Que dites-vous de la mondialisation qui force à penser que la polygamie est à bannir ?
Moi je suis pour que chacun s’intègre là où il se trouve. De la polygamie que j’ai vécue, je n’en ai gardé que d’excellents souvenirs. Je suis consciente que ce n’est pas parce que j’ai aimé le foyer dans lequel j’ai vécu, bien que ce soit une chefferie, que la polygamie est bien. Chaque cas est particulier et c’est à chacun de s’efforcer là où il est, de faire que tout soit harmonieux. Il y a tellement de mariages monogamiques qui sont malheureux. Donc ce n’est pas parce qu’il y a beaucoup de femmes qu’il y a le malheur quelque part, non. Je m’entendais parfaitement avec mes coépouses. On a fait des choses extraordinaires. On se battait nous-mêmes pour tout. Le chef, on ne s’en occupait même pas.

L’un des sujets qui suscite des débats dans la coutume en pays Bamiléké c’est les rites de veuvage. Comment les avez-vous vécus, après le décès de votre époux ?
Quand mon époux est mort, j’ai refusé de faire les rites de veuvage. Mais j’étais avec mes coépouses. Je parlais avec elles, je préparais pour elles. Ce sont mes sœurs. J’ai expliqué les raisons pour lesquelles je ne voulais pas procéder aux rites. Si j’ai refusé, c’est parce que je ne voulais pas être un objet de curiosité. Personne ne serait venu simplement me soutenir parce que j’étais la femme du chef. On serait plutôt venir voir comment une blanche se comportait rasée, en plein soleil. Je ne voulais pas être cet objet.

Quelle considération accordez-vous à ces rites, que plusieurs jugent dégradants ?
Pour moi, tous les rites ont un sens profond, un sens spirituel. Ils n’ont pas été créés au hasard. Depuis que le chef est mort, je me suis volontairement retirée dans un coin que j’ai construit en brousse. Il n’y avait personne avant que je m’installe. Je cultive mon champ qui me nourrit. Je vis comme les vieilles femmes du chef m’ont appris à vivre, c’est-à-dire dans le respect des ancêtres. A ce titre je précise que j’ai trois types d’ancêtres : mes propres ancêtres Français que je ne renie pas, mes ancêtres par alliance Bangangté à qui j’ai donné deux enfants ; mes ancêtres adoptifs qui sont ceux où je vis. Je crois que les rites ont été créés dans la nature et imposaient le respect de la communauté, de l’individu, avec une profondeur spirituelle. Ils nous faisaient vivre dans l’univers à la fois avec les ancêtres qui étaient enterrés sous nos pieds.
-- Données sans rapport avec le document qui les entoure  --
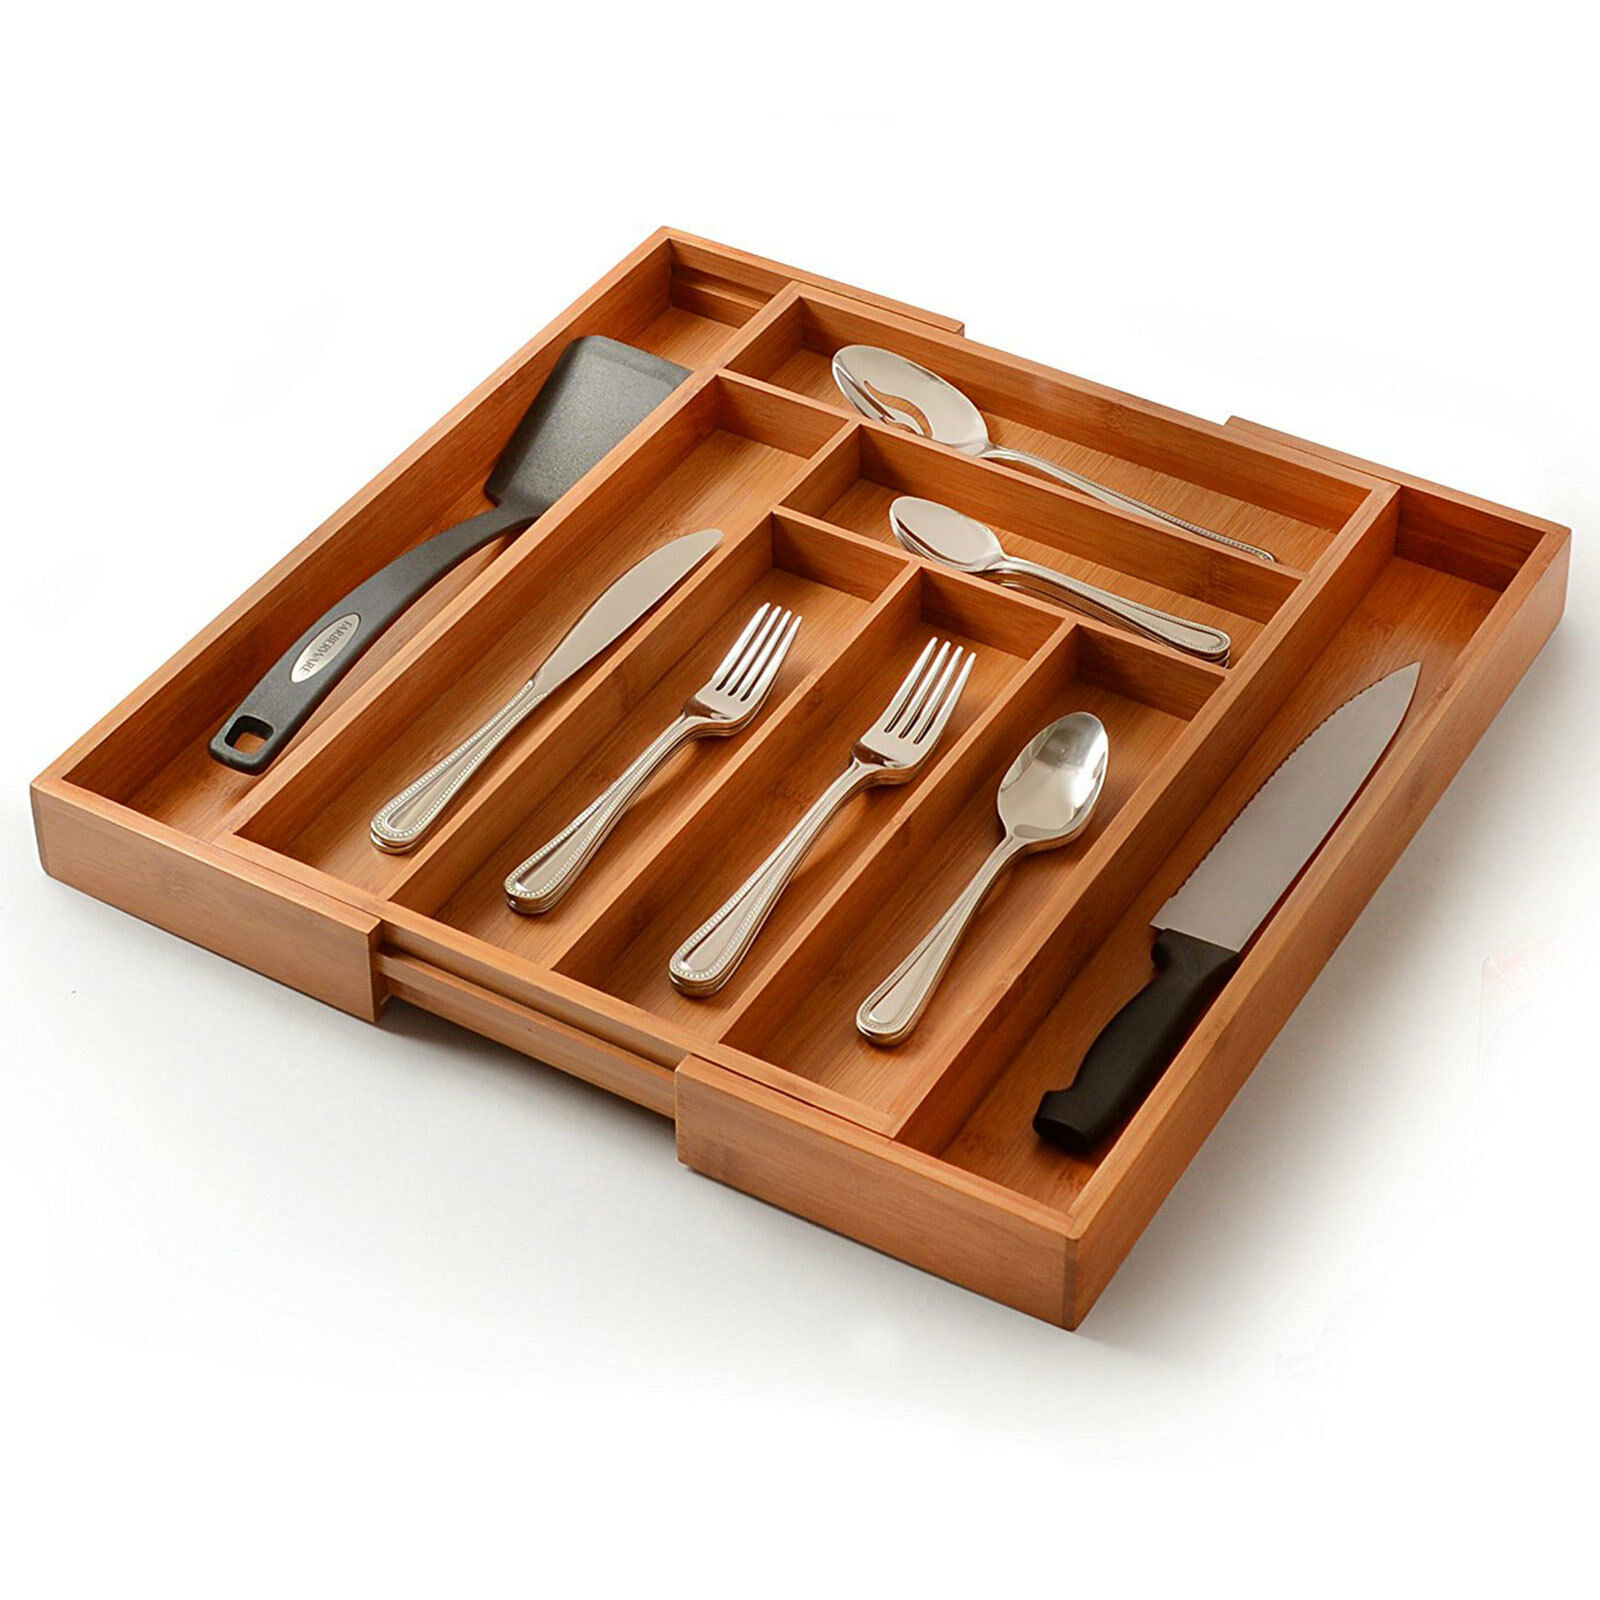 Bamboo Cutlery Silverware Flatware Utensil Tray Drawer Kitchen Organizer Storage

Les rites visent la négation de la mort : les morts ne sont pas morts. Ils vivent en nous, ils sont en nous. Je le sens. Je n’ai pas fait de rites de veuvages, je n’ai pas souffert comme mes coépouses, c’est-à-dire neuf semaines sans se laver, mais leur sort était adouci par tous ceux qui venaient leur rendre visite, et tous ceux qui leur montraient que bien que notre mari soit mort, elles étaient mariées à une famille. Cette famille ne les rejettera pas.

Il faut adoucir ces rites, mais ce sont des rites d’initiation, pour vivre une autre vie, au même titre que l’initiation des enfants dans la nature pour les rendre forts. Moi j’ai quitté la chefferie, je précise qu’on ne m’a pas chassé, c’est un choix qui est d’ailleurs prévu, je n’ai pas fait de lavage. Je suis toujours la femme du chef Bangangté. Je n’ai rien enlevé sur moi.